### HOW TO COMPLETE THIS TASK:
For this exercise, retype all the data exactly and exclude every image.

### AVAILABLE DATA:
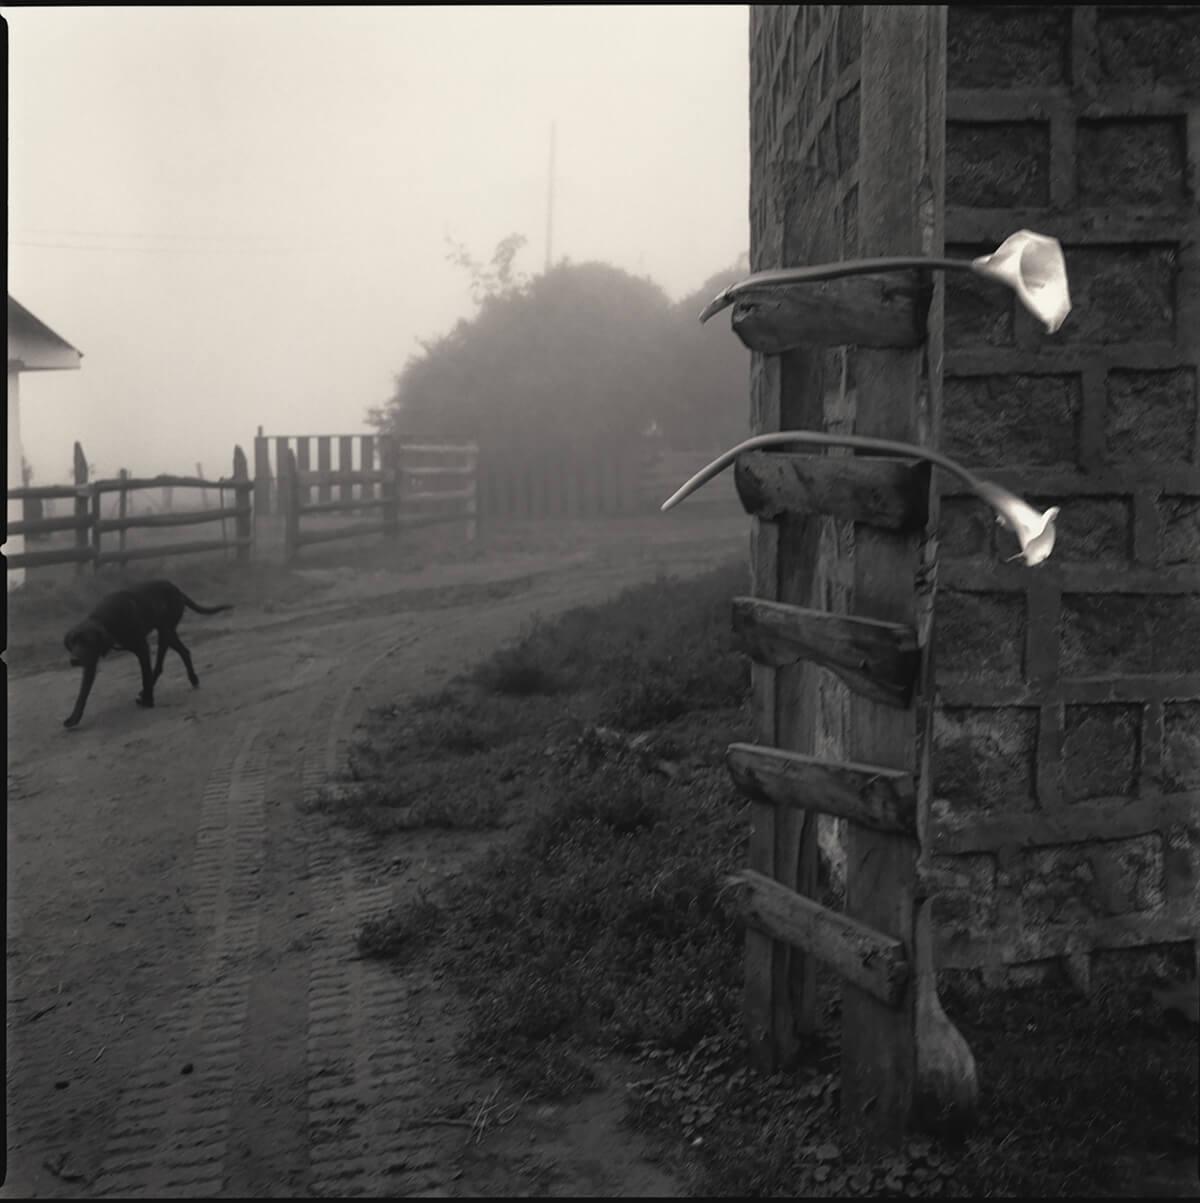 Hiroshi Watanabe Photographer All About Photo
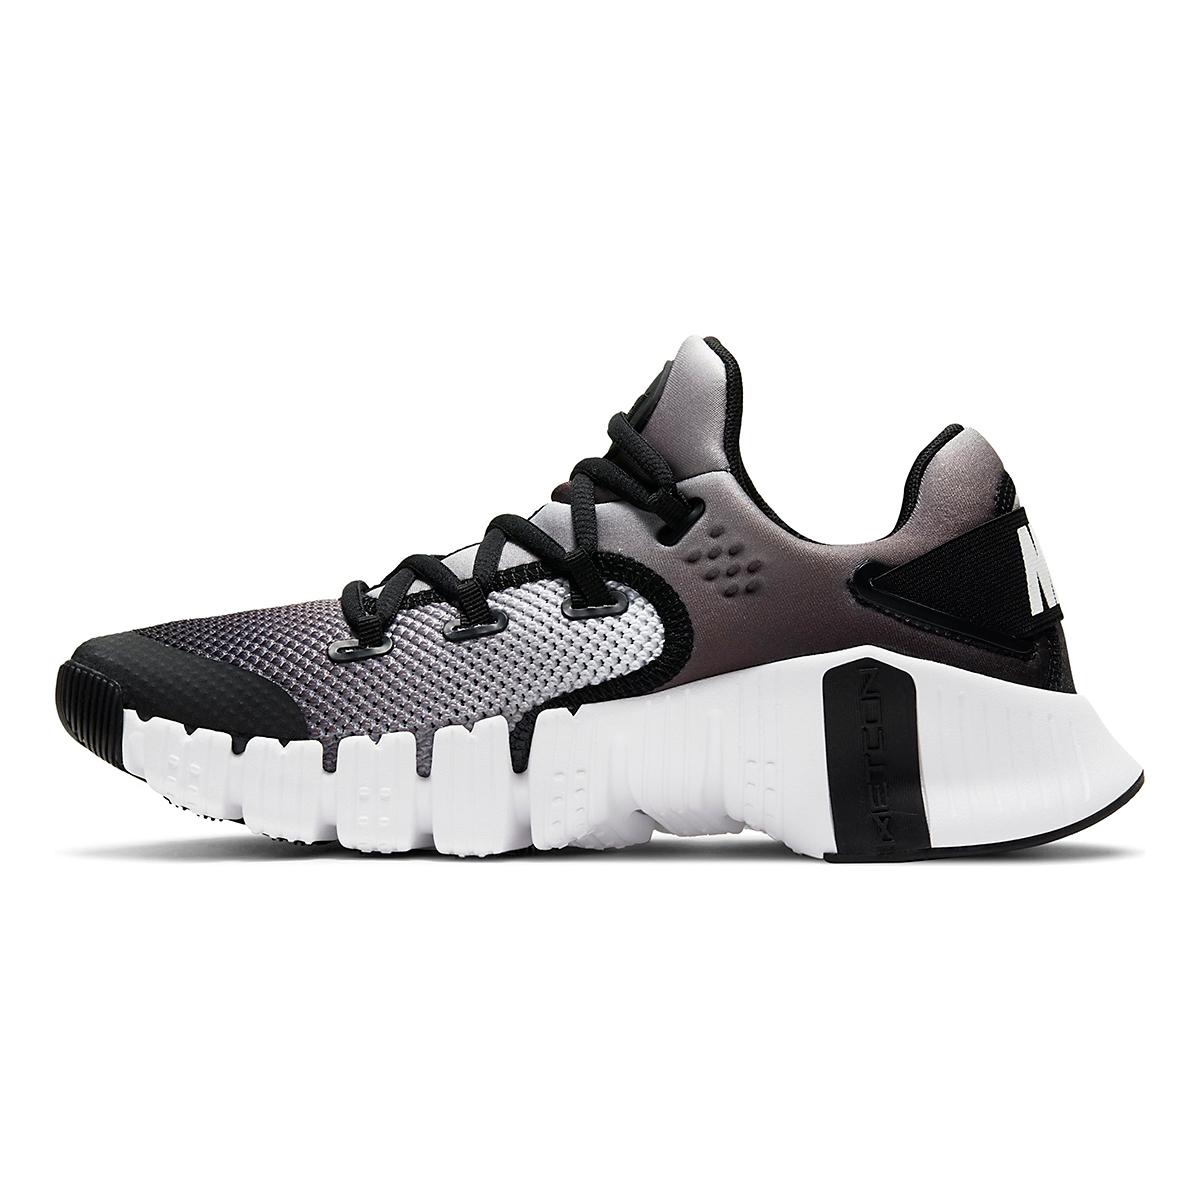 Women's Nike Free Metcon 4 Training Shoe - Color: White/Black - Size: 5 - Width: Regular, White/Black, large, image 2
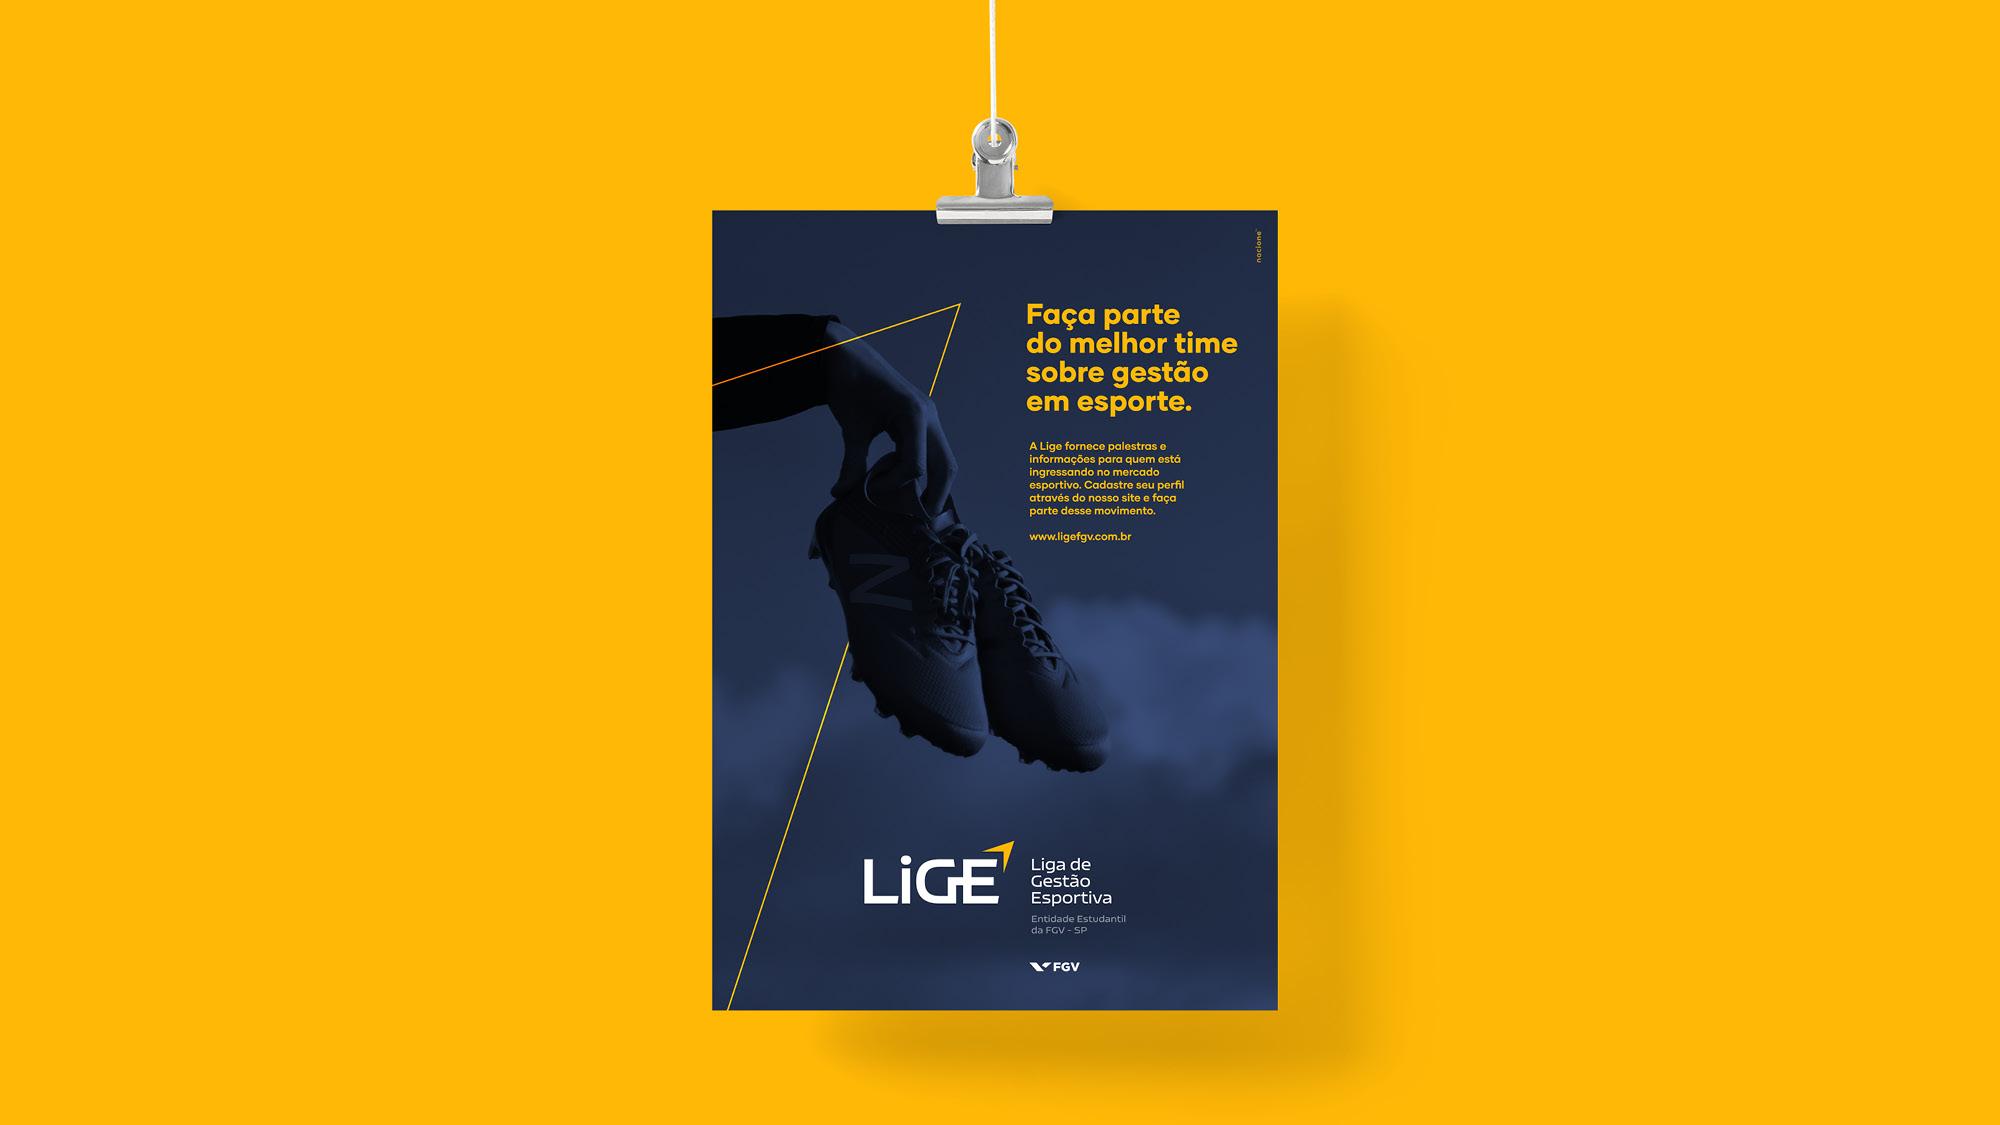 Lige-FGV-SP-Nacione-Branding13
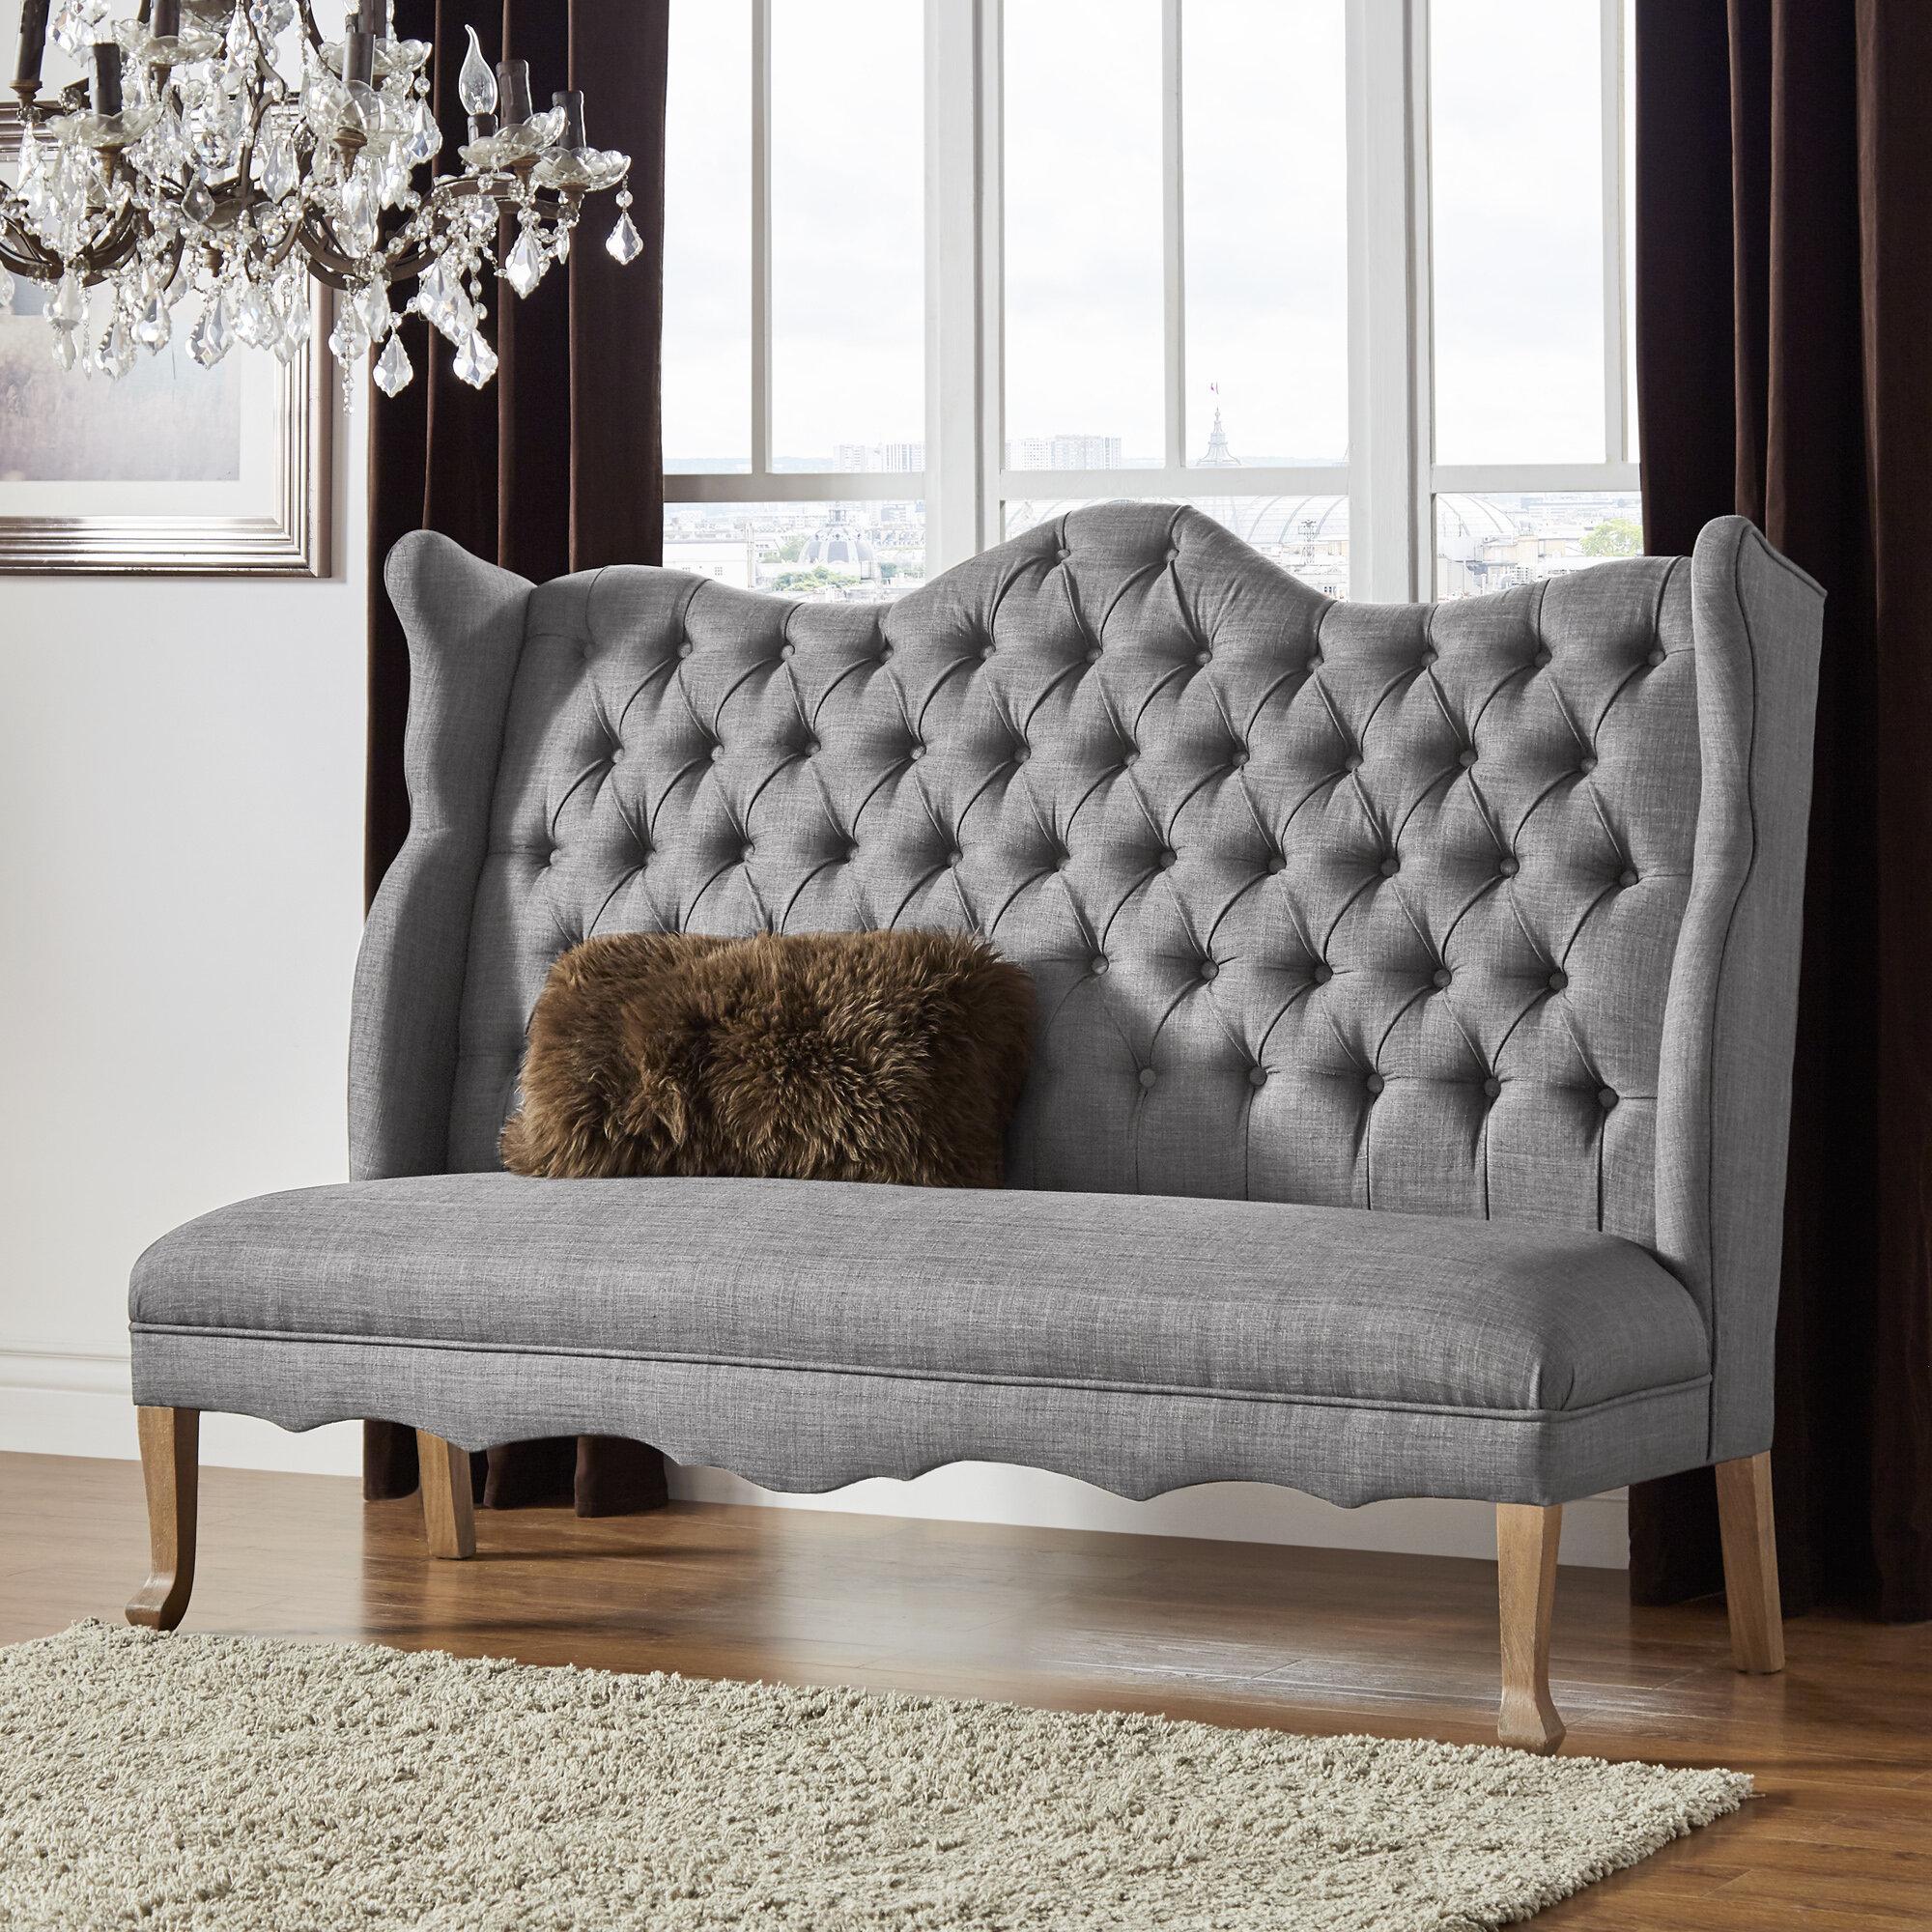 Janell Tufted Upholstered Bedroom Bench

### YOUR SOLUTION:
 Hiroshi Watanabe Photographer All About Photo
 Women's Nike Free Metcon 4 Training Shoe - Color: White/Black - Size: 5 - Width: Regular, White/Black, large, image 2
 Lige-FGV-SP-Nacione-Branding13
 Janell Tufted Upholstered Bedroom Bench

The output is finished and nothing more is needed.